Her tactical assessment shifted immediately. Kristopher was a weak, untrained civilian. She could break him.

But a fully grown, active-duty military man? With her current physical limitations, a direct confrontation with Forrest would be suicide. Worse, if Forrest came back, he had the legal authority as her guardian to sign papers and lock her in the State Asylum.

The clock was ticking. She had maybe a week before the letter reached Texas and Forrest got a leave of absence.

She had to get out of this house.

But running required money. Real money. Not seventeen dollars.

Alissa walked over to her desk. She pulled open the bottom drawer and dug through the old school supplies until she found a folded, worn map of Ohio.

She spread it out on the mattress.

Her finger traced the red lines of the highway, moving away from the Red Sorghum community, stopping thirty miles north at a large industrial city.

She tapped a specific location. Crawford Textile Mill.

It was where her second brother, Rudy Knox, worked as a floor manager.

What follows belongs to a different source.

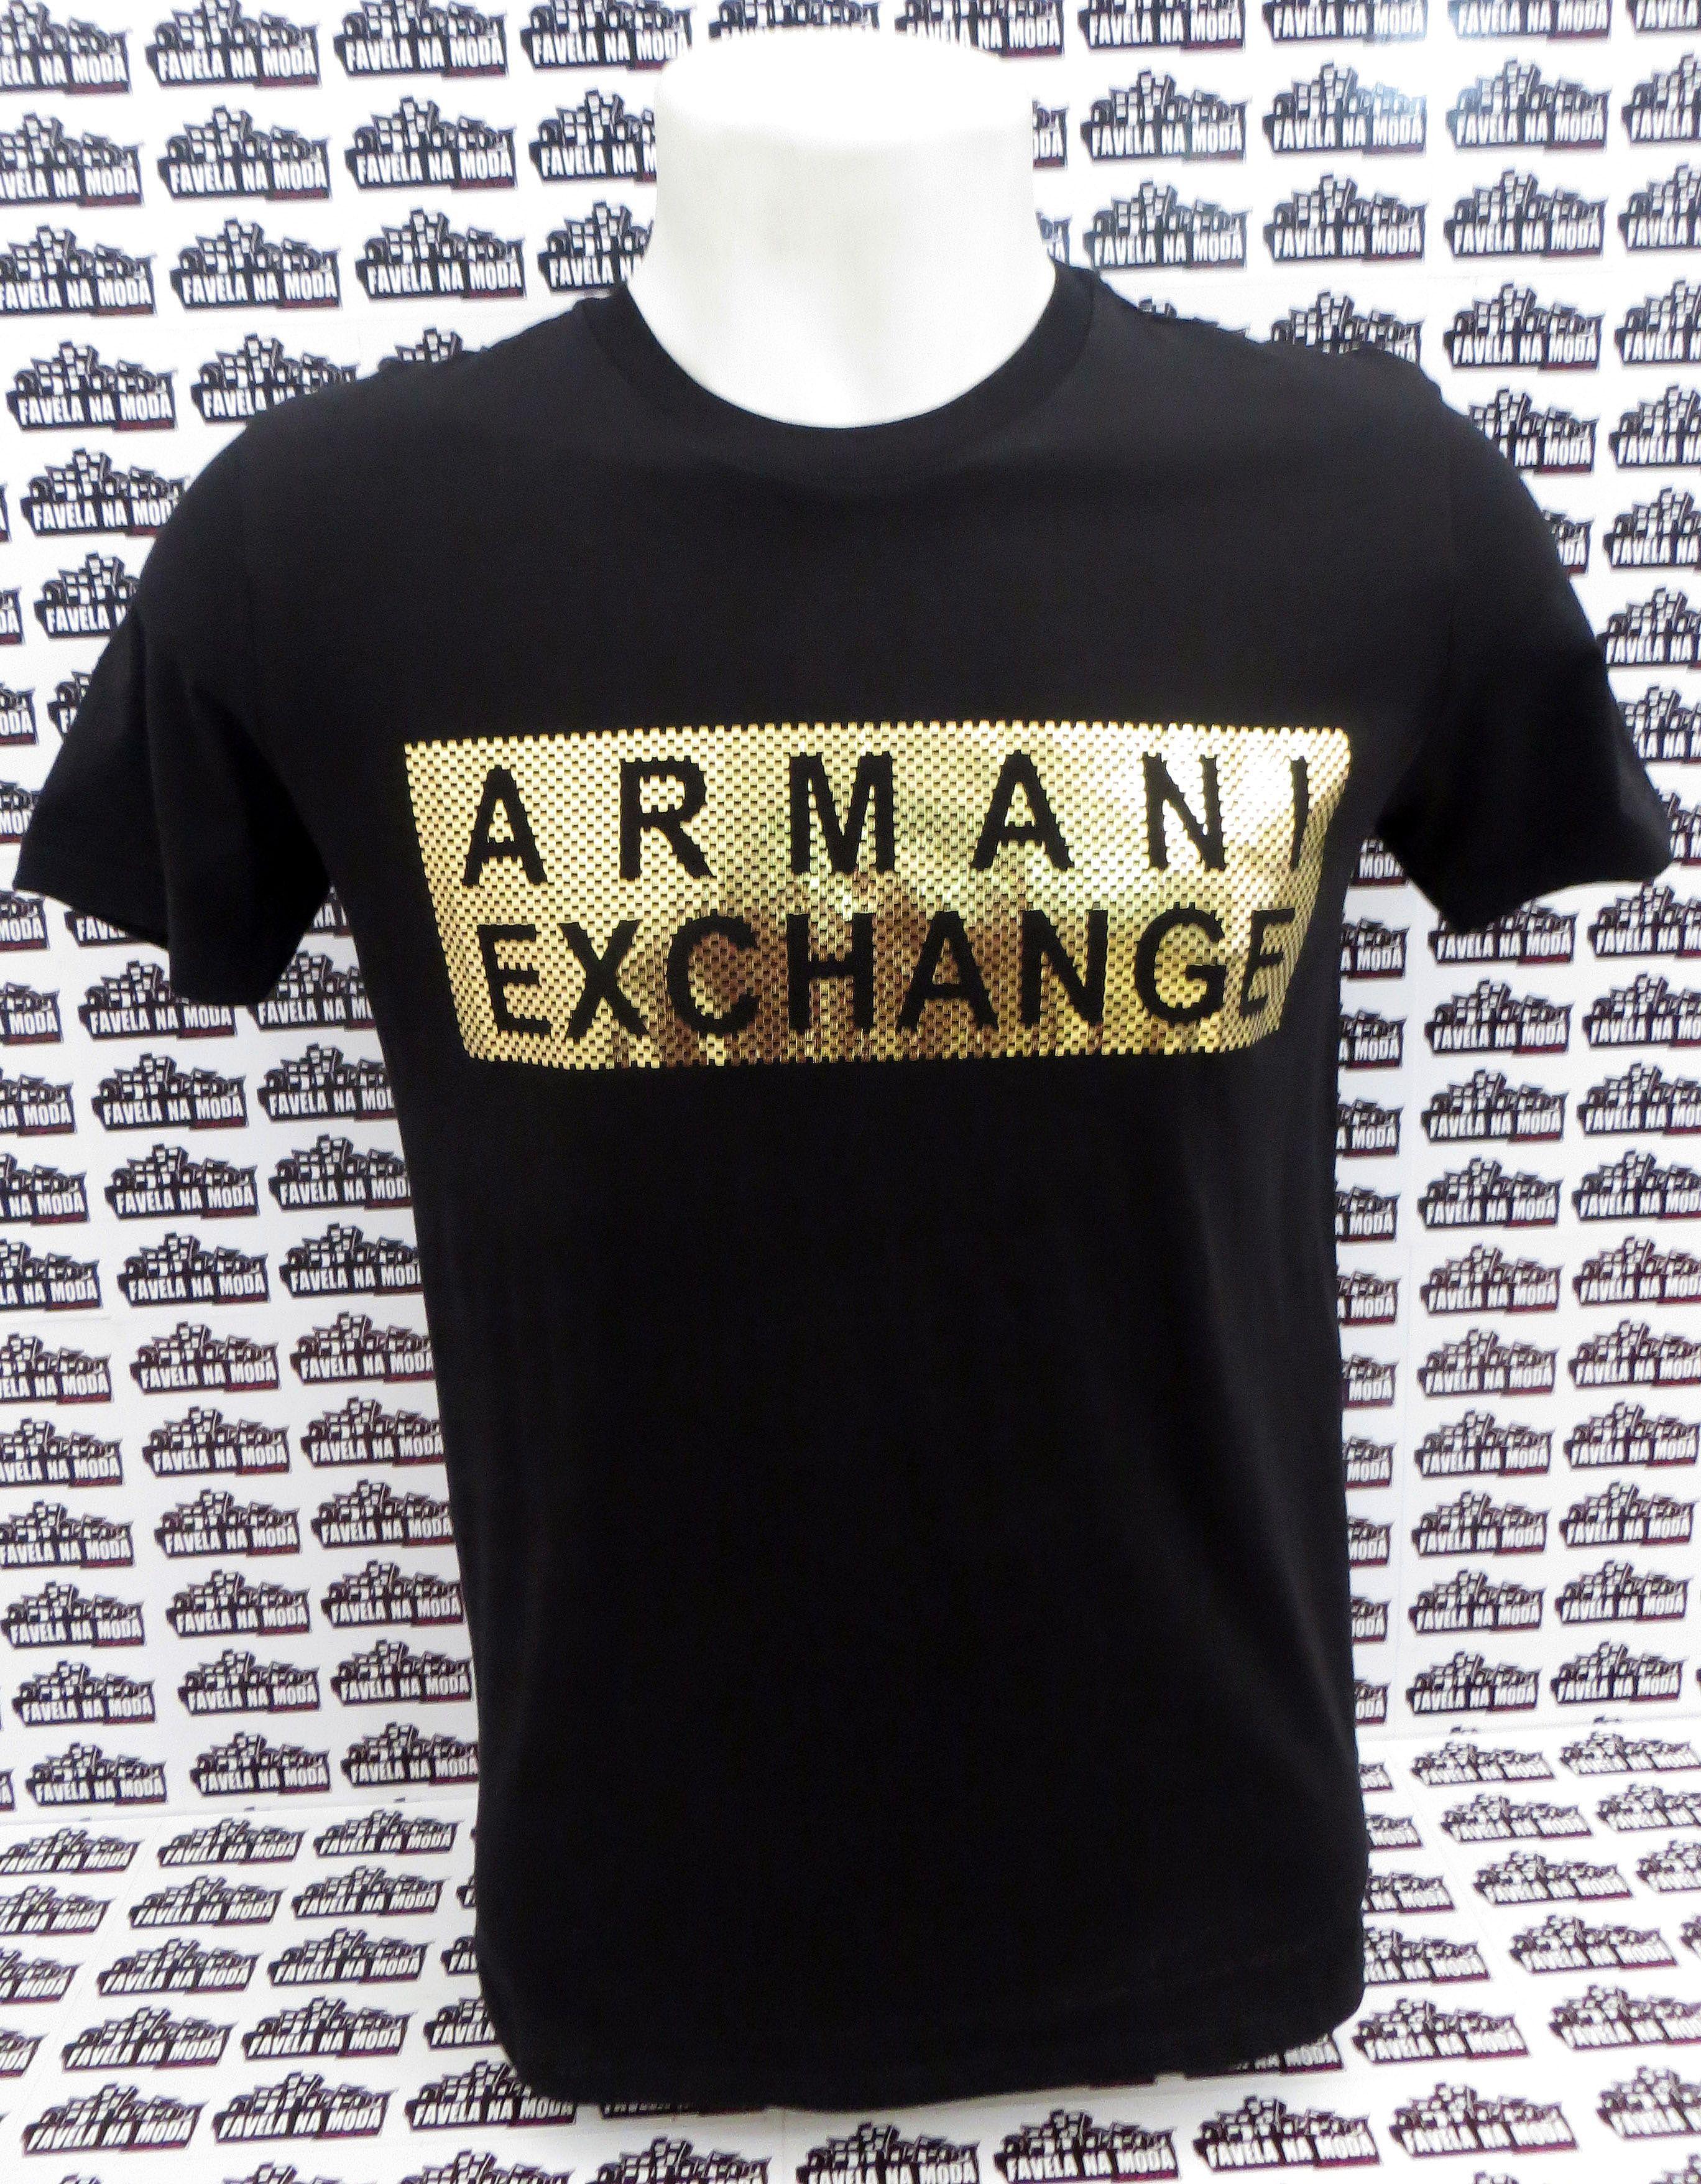 Camiseta Armani Exchange (M) - Favela na Moda Imports c75c4da1c4c
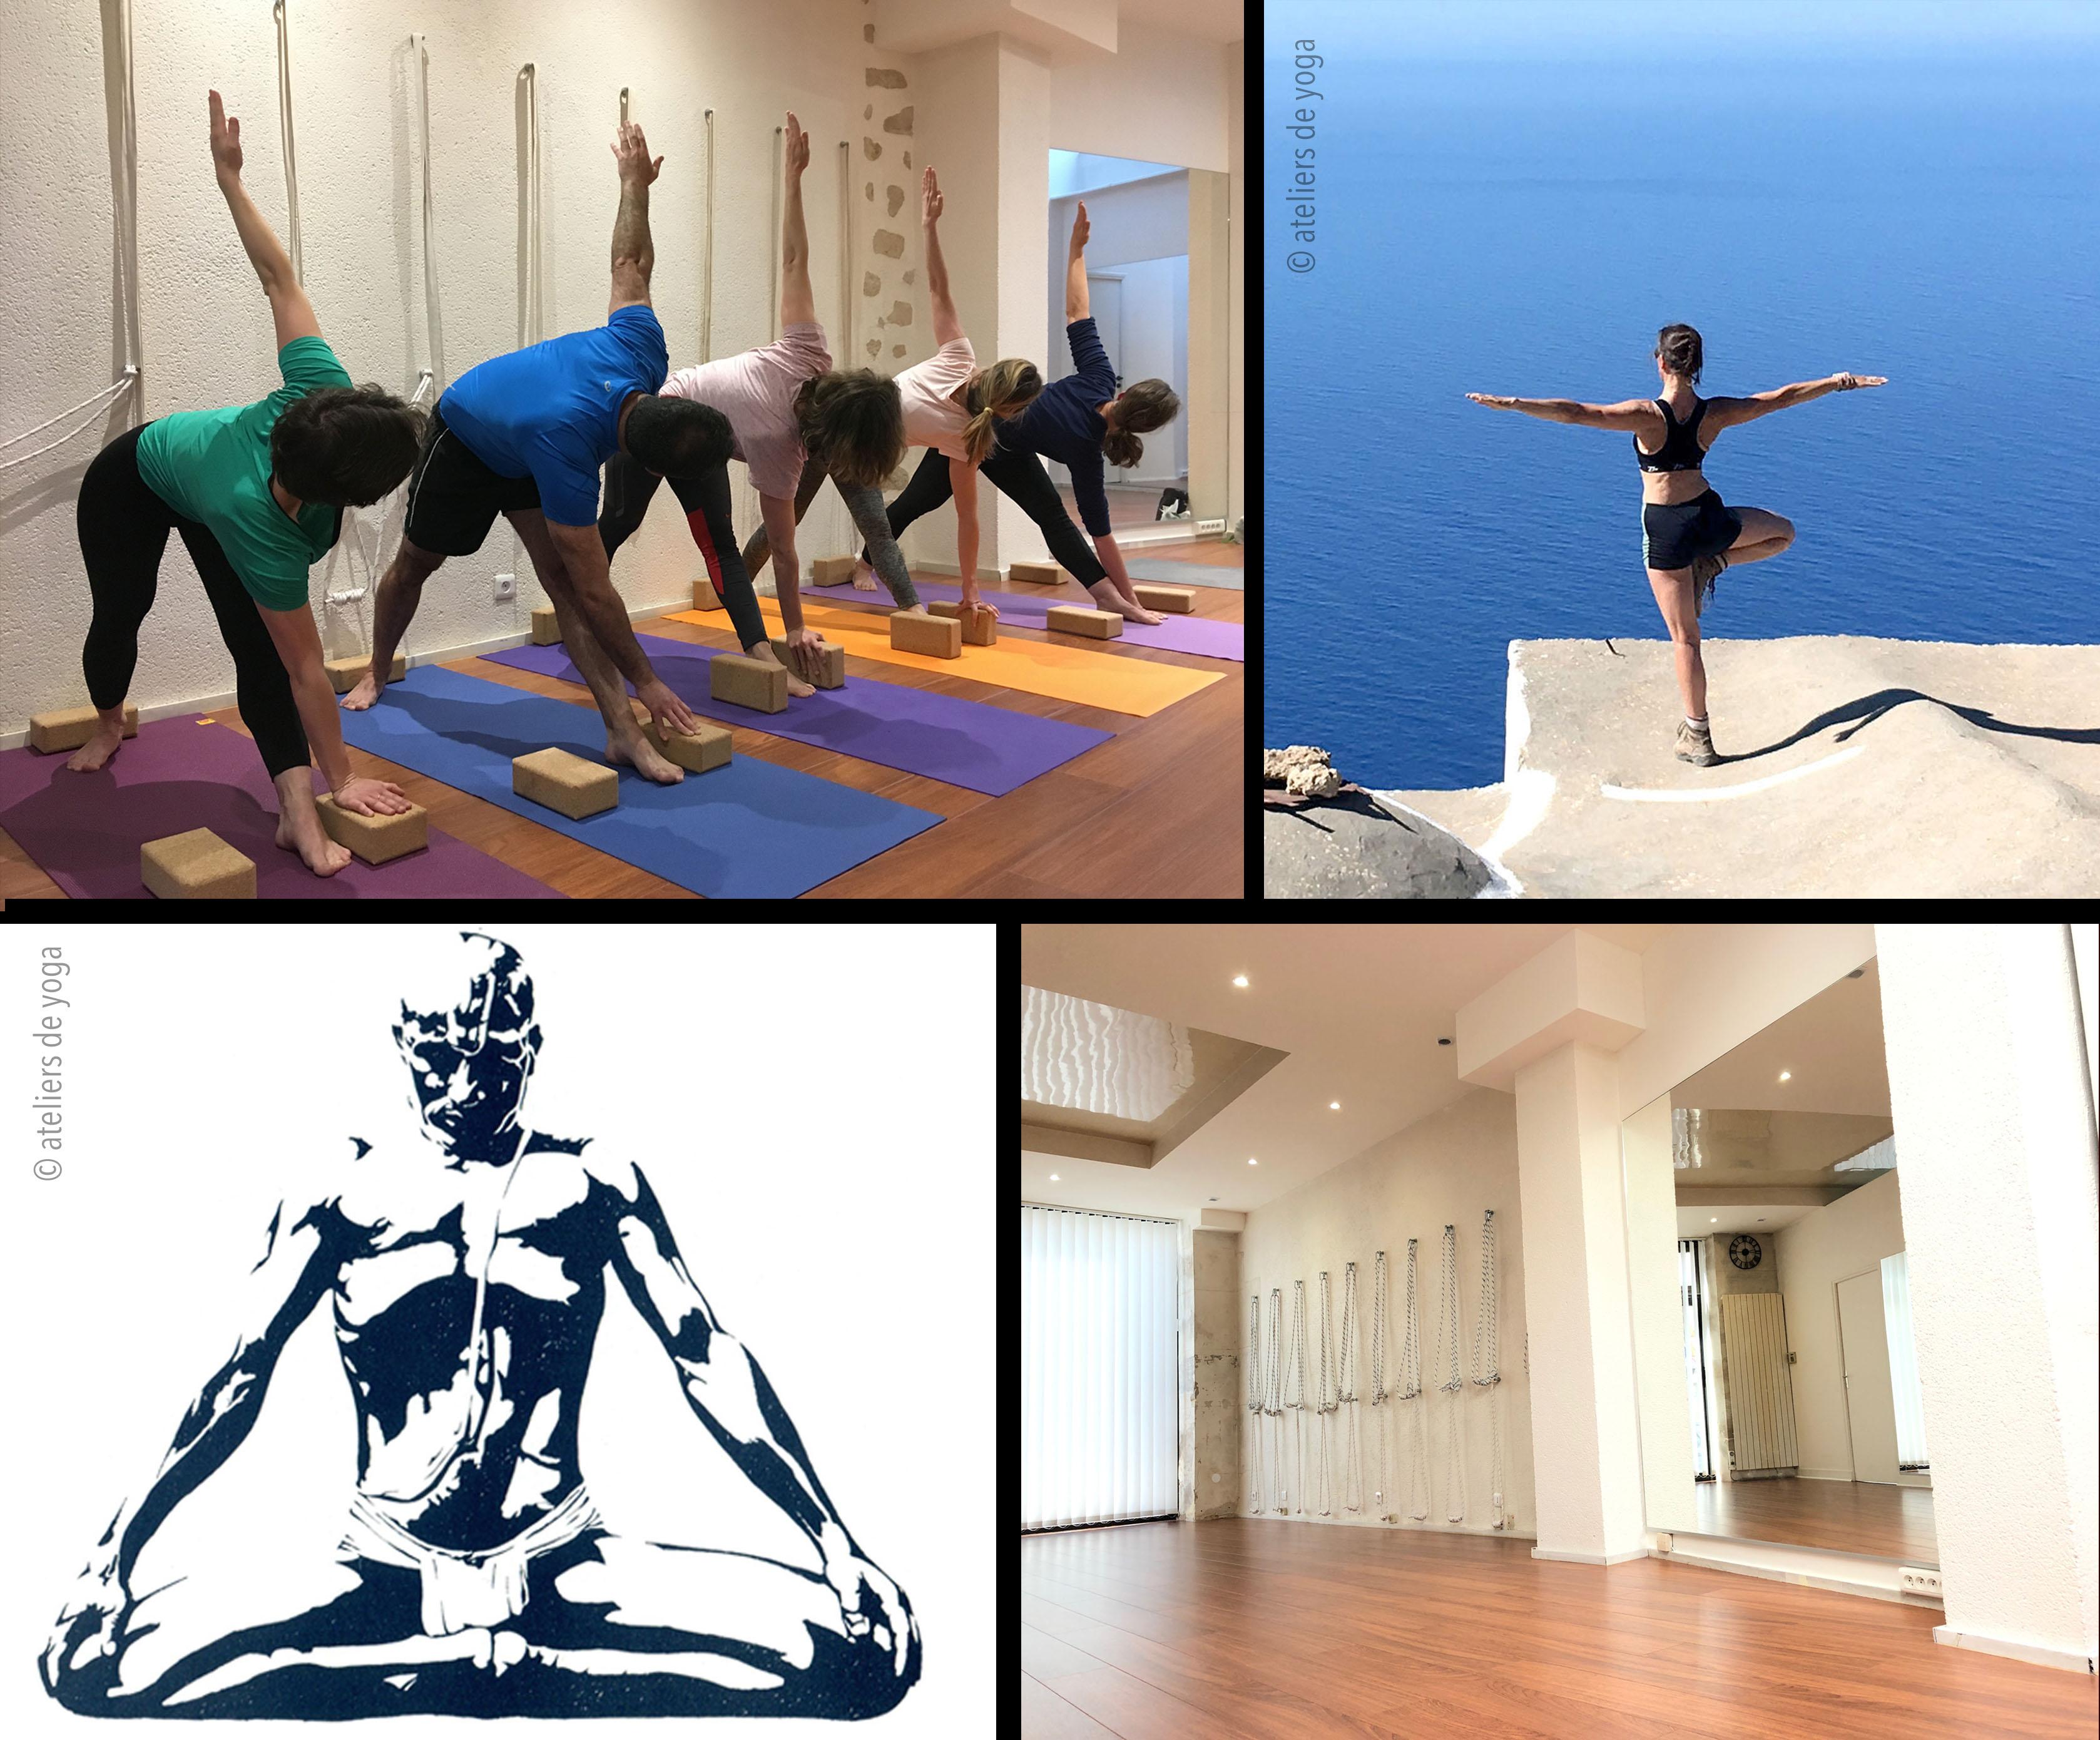 Cours de yoga paris 14ème. Pratique du Yoga Iyengar par petits groupes

Rudy wasn't violent like Forrest, but he was a greedy, image-obsessed hypocrite. The memories told Alissa that two years ago, Rudy had tricked the original Alissa into signing over the only thing their late mother had left her-a small life insurance payout.

Alissa stared at the map. A cold, predatory smile touched her lips.

Rudy cared about his promotion. He cared about his pristine reputation at the factory.

He was the perfect target for a public shakedown.

Alissa folded the map and shoved it into her back pocket. She was going to the city, and she was going to bleed her brother dry.